Lanest smiled, as humorlessly as a wolf. “Computer, know thyself,” he said.
Martels looked inward. The necessary knowledge sprang immediately and obediently to his attention, and he studied it with mounting dismay. Lanest did indeed have the whip hand. He had only to kill Tlam/Qvant and wait long enough for the Autarch’s ghost to dwindle into powerlessness; then, he could expunge Martels from the machine with a simple blast of raw power, as though performing the equivalent of a lobectomy. Martels could re-erect the interference zone against this, to be sure, but he could not maintain it forever; the best that could be hoped from that was a stalemate maintained by constant alertness. .
And sooner or later, probably far sooner than the Qvant had, Martels too would find himself drawn down the juganetic Pathways, one of which he had already traversed almost to disaster.
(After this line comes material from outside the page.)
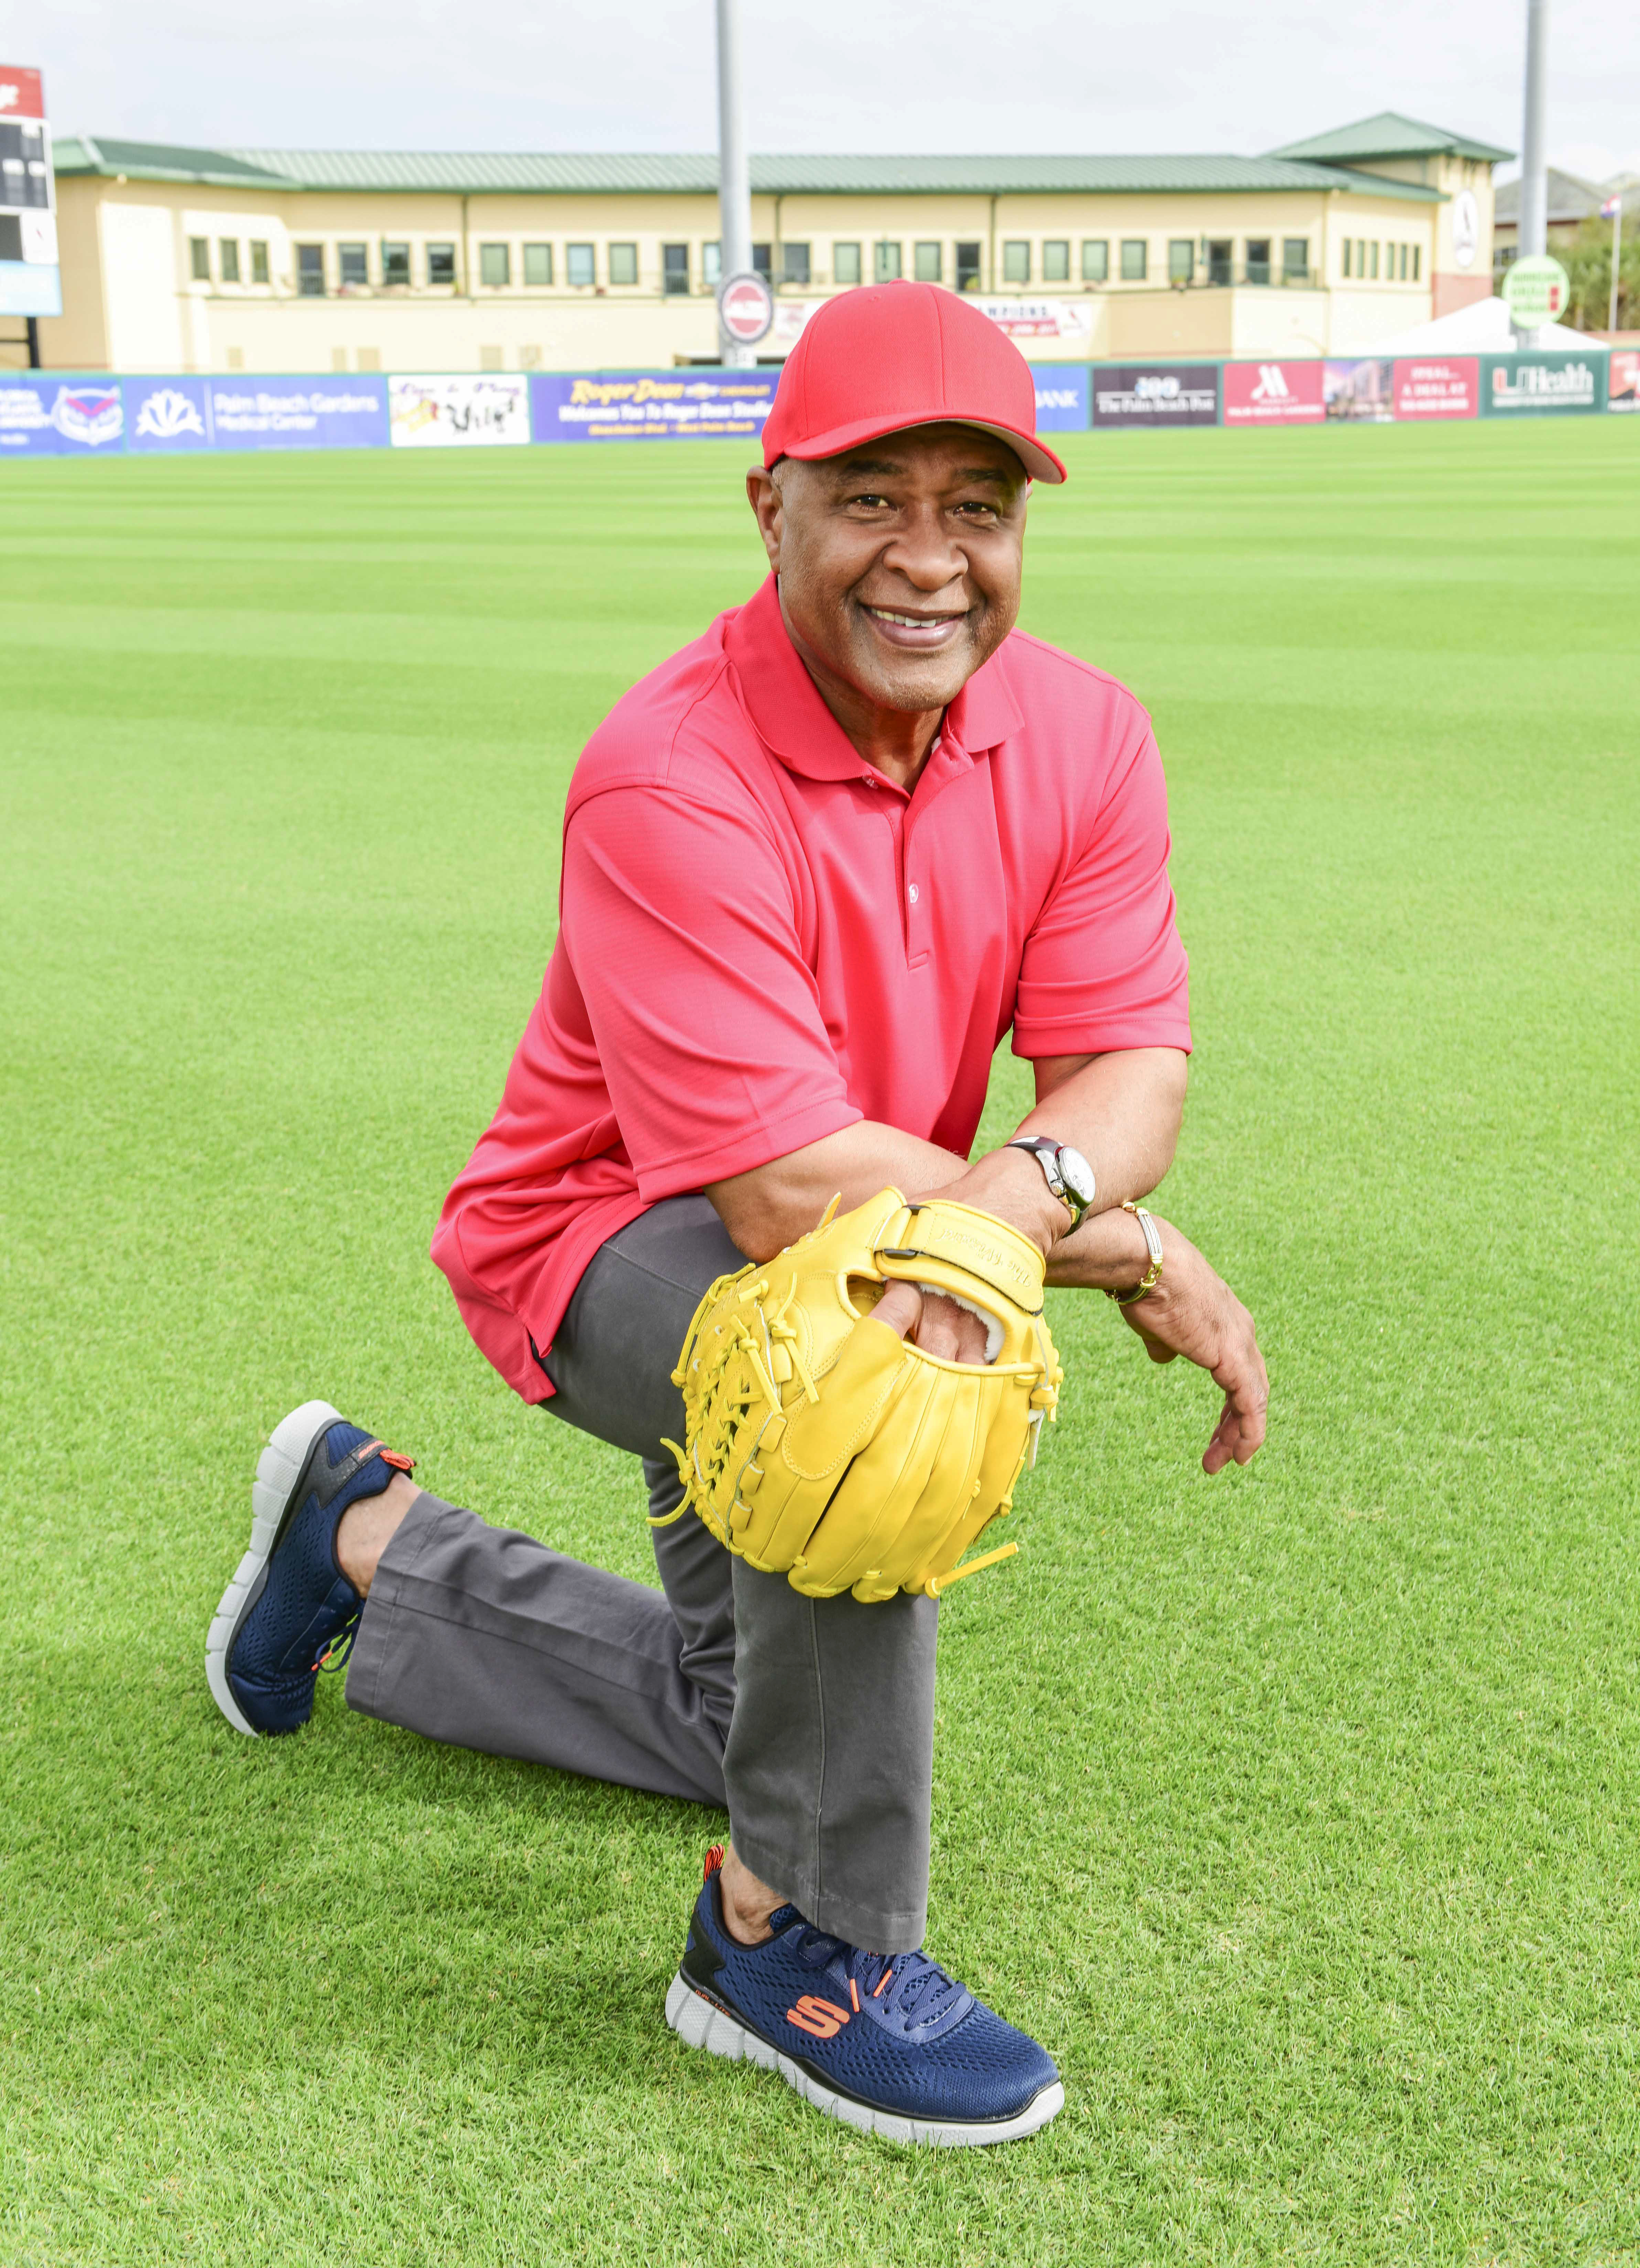 Baseball Legend Ozzie Smith Teams Up with Skechers

Thereafter, the Antarcticans would be rid of both bothersome intelligences, and would have their mindless, obedient computer back.
That would do them no good in the long run, of course— but unless Martels could offer some strategy against the Birds,
he would not be around to say “I told you so.” He would be only one more of those fading nexi of fruitless regrets which he had encountered during the few seconds between Tlam’s body and the computer when he had been authentically dead.
“I see the problem,” he said. “Very well, Lanest—I’ll make you a deal.”
In the brain-case in the Museum at Rawson, years passed by . . . ten, twenty, fifty, a hundred years passed by, until Martels began to believe that he had gotten lost.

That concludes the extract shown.